The adoption of the Rights Plan by the Board is intended to allow the Company to realize the long-term value of the Company’s assets by protecting the Company from actions of third parties that the Board determines are not in the best interest of the Company and its stockholders. Given the importance of maintaining focus on the strength of the Company’s business, the Board believes that adopting the Plan is in the best interests of the Company and its stockholders and will contribute to the preservation of the Company’s long-term value.
In adopting the Rights Plan, the Board noted, in particular, the recent disclosures by Carl Icahn and affiliated individuals and entities on Schedule 14A filed with the U.S. Securities and Exchange Commission on October 5, 2021, of beneficial ownership of shares of the Company’s common stock. This stockholder has also disclosed his intent to solicit proxies from Southwest Gas Holdings’ stockholders in connection with the Company’s 2022 Annual Meeting of Stockholders and to initiate a proxy contest. The Board also took note of the market volatility and the resulting impact on both the Company’s stock price and the potential for this stockholder and others to take increased positions in the Company’s stock.
The Rights Plan will position the Company’s Board of Directors to fulfill its fiduciary duties on behalf of all stockholders by ensuring that the Board has sufficient time to make informed judgments about any attempts to control the Company and will encourage anyone seeking to gain a controlling interest in the Company to negotiate directly with the Board prior to attempting a takeover.
The Rights Plan is not intended to prevent or interfere with any action with respect to the Company that the Board determines to be in the best interests of stockholders. Pursuant to the Rights Plan, the Company is issuing one right for each share of common stock as of the close of business on October 21, 2021. The rights will initially trade with the Company common stock and will become exercisable, subject to the terms of the Rights Plan, only if any person (or any persons acting as a group), at any time after adoption of, and during the term of, the Rights Plan, acquires ownership (including through certain derivative positions and as otherwise provided in the Rights Plan) of 10% or more of the Company’s outstanding common stock, or 20% in the case of certain passive investors (the «triggering percentage»).
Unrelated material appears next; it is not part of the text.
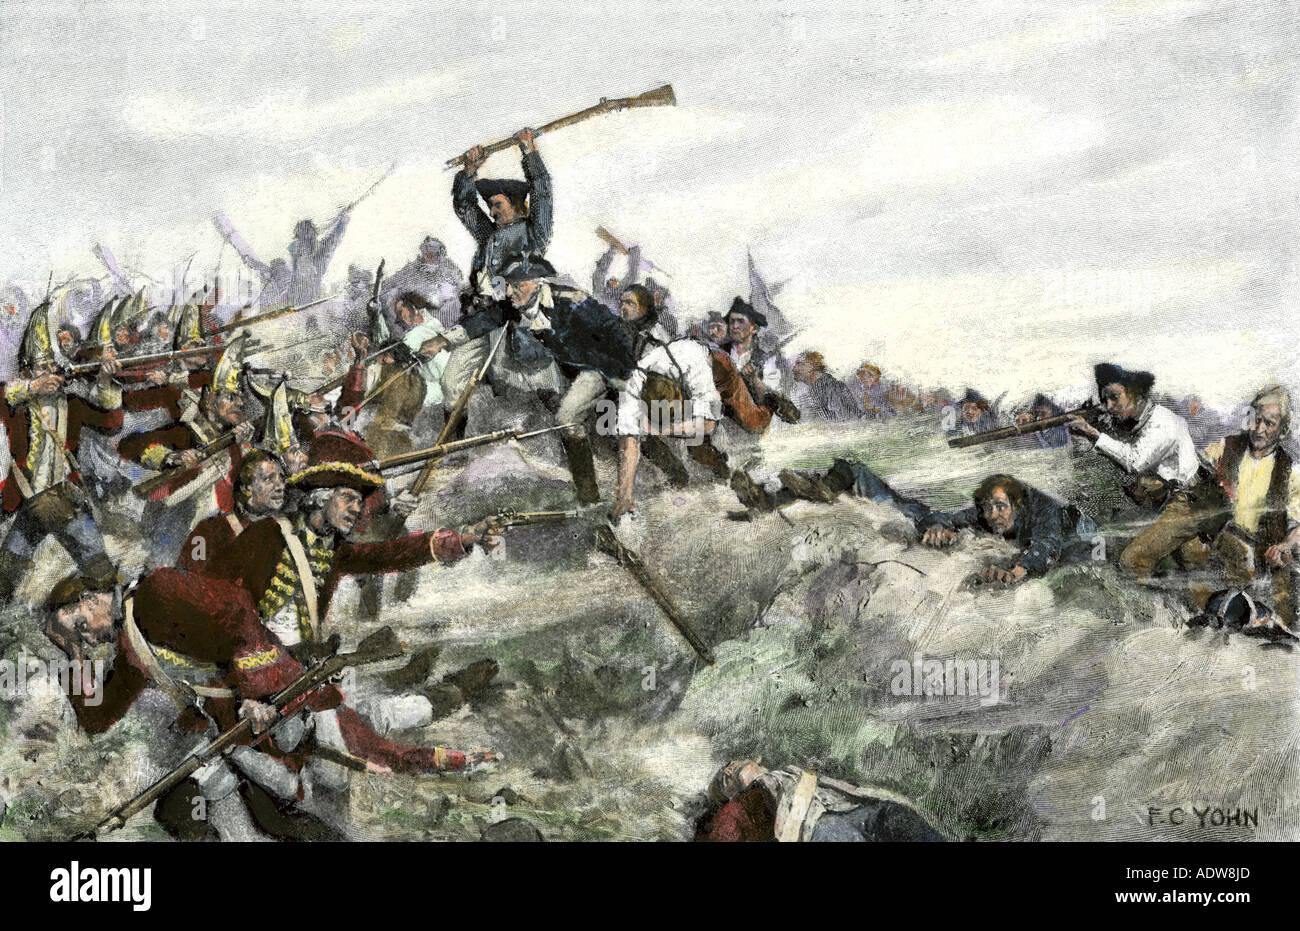 John Stark leading a charge of New Hampshire militia, Battle of Bennington 1777 American Revolution. Hand-colored woodcut of an F.C. Yohn illustration - Stock Image

If the rights become exercisable, all holders of rights (other than any triggering person and any affiliates or associates of such person) will be entitled to acquire shares of Southwest Gas Holdings’ common stock at a 50% discount to the market price at that time or the Company may elect to exchange each right held by such holders for one share of Southwest Gas Holdings’ common stock. Subject to the terms of the Rights Plan, any person who currently owns more than the applicable triggering percentage may continue to own the shares of common stock but may not acquire (including under derivatives, options or similar instruments) additional shares comprising more than 0.5% without triggering the Rights Plan.
The Rights Plan has a 364-day term, expiring on October 9, 2022. The Board may consider an earlier termination, or extension, of the Rights Plan if market and other conditions warrant.
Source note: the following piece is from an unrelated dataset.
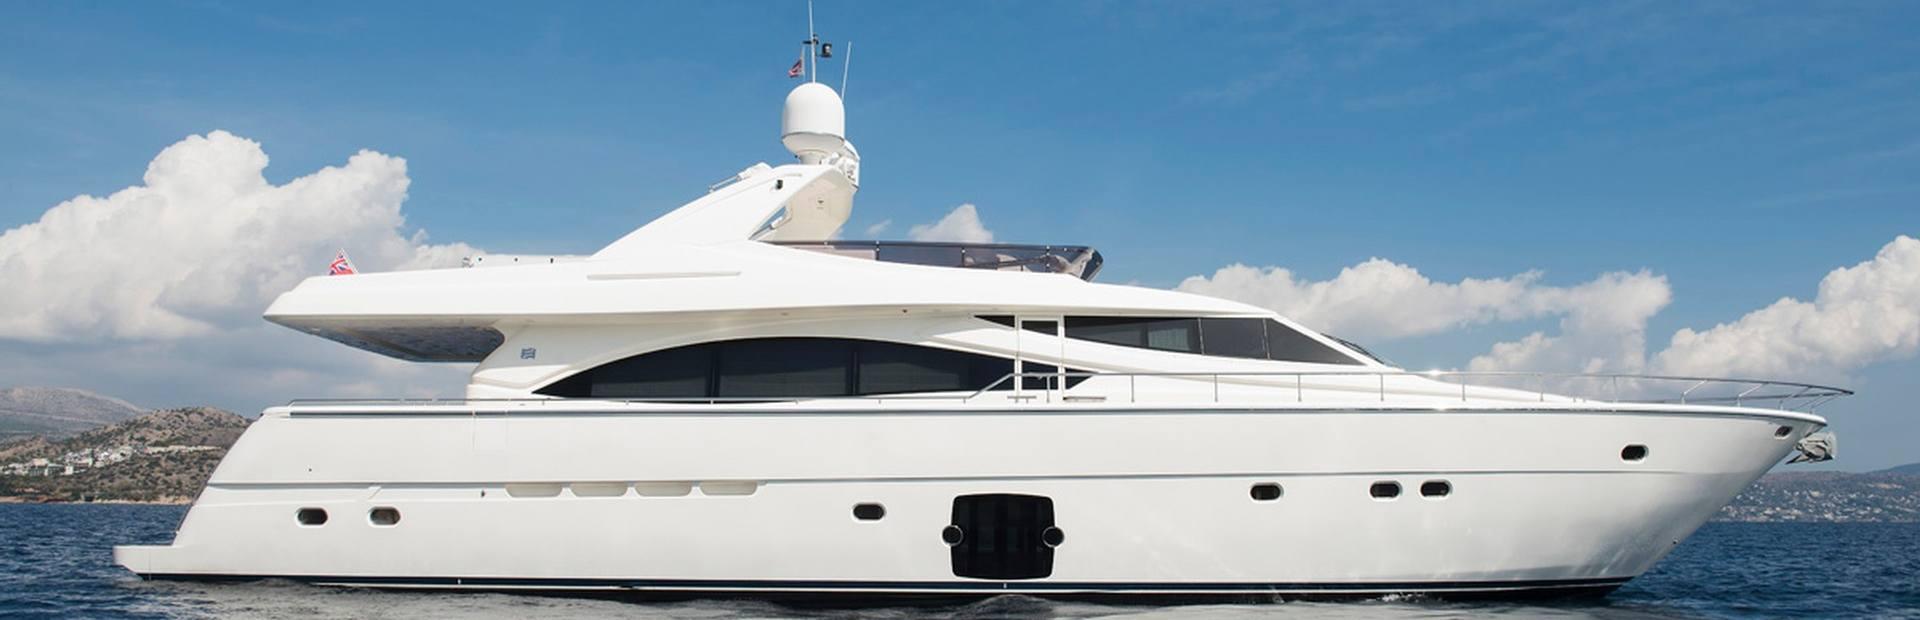 Ferretti Yachts 830 Yacht Charter

Additional details regarding the Rights Plan will be contained in a Form 8-K to be filed by the Company with the U.S. Securities and Exchange Commission.
About Southwest Gas Holdings, Inc.
Southwest Gas Holdings, Inc., through its subsidiaries, engages in the business of purchasing, distributing and transporting natural gas, and providing comprehensive utility infrastructure services across North America. Southwest Gas Corporation, a wholly owned subsidiary, safely and reliably delivers natural gas to over two million customers in Arizona, California and Nevada. Centuri Group, Inc., a wholly owned subsidiary, is a comprehensive utility infrastructure services enterprise dedicated to delivering a diverse array of solutions to North America’s gas and electric providers.
Additional Information and Where to Find It; Forward Looking Statements;
Participants in the Solicitation
How to Find Further Information
This communication does not constitute a solicitation of any vote or approval in connection with the 2022 annual meeting of stockholders of Southwest Gas Holdings, Inc. (the «Company») (the «Annual Meeting»). In connection with the Annual Meeting, the Company will file a proxy statement with the U.S. Securities and Exchange Commission («SEC»), which the Company will furnish, with any other relevant information or documents, to its stockholders in connection with the Annual Meeting. BEFORE MAKING ANY VOTING DECISION, WE URGE STOCKHOLDERS TO READ THE PROXY STATEMENT (INCLUDING ALL AMENDMENTS AND SUPPLEMENTS THERETO) AND OTHER DOCUMENTS WHEN SUCH INFORMATION IS FILED WITH THE SEC CAREFULLY AND IN THEIR ENTIRETY WHEN THEY BECOME AVAILABLE, BECAUSE THEY WILL CONTAIN IMPORTANT INFORMATION ABOUT THE COMPANY AND THE ANNUAL MEETING. The proposals for the Annual Meeting will be made solely through the proxy statement. In addition, a copy of the proxy statement (when it becomes available) may be obtained free of charge from www.swgasholdings.com/proxymaterials. Security holders also will be able to obtain, free of charge, copies of the proxy statement and any other documents filed by Company with the SEC in connection with the Annual Meeting at the SEC’s website at http://www.sec.gov, and at the companies’ website at www.swgasholdings.com.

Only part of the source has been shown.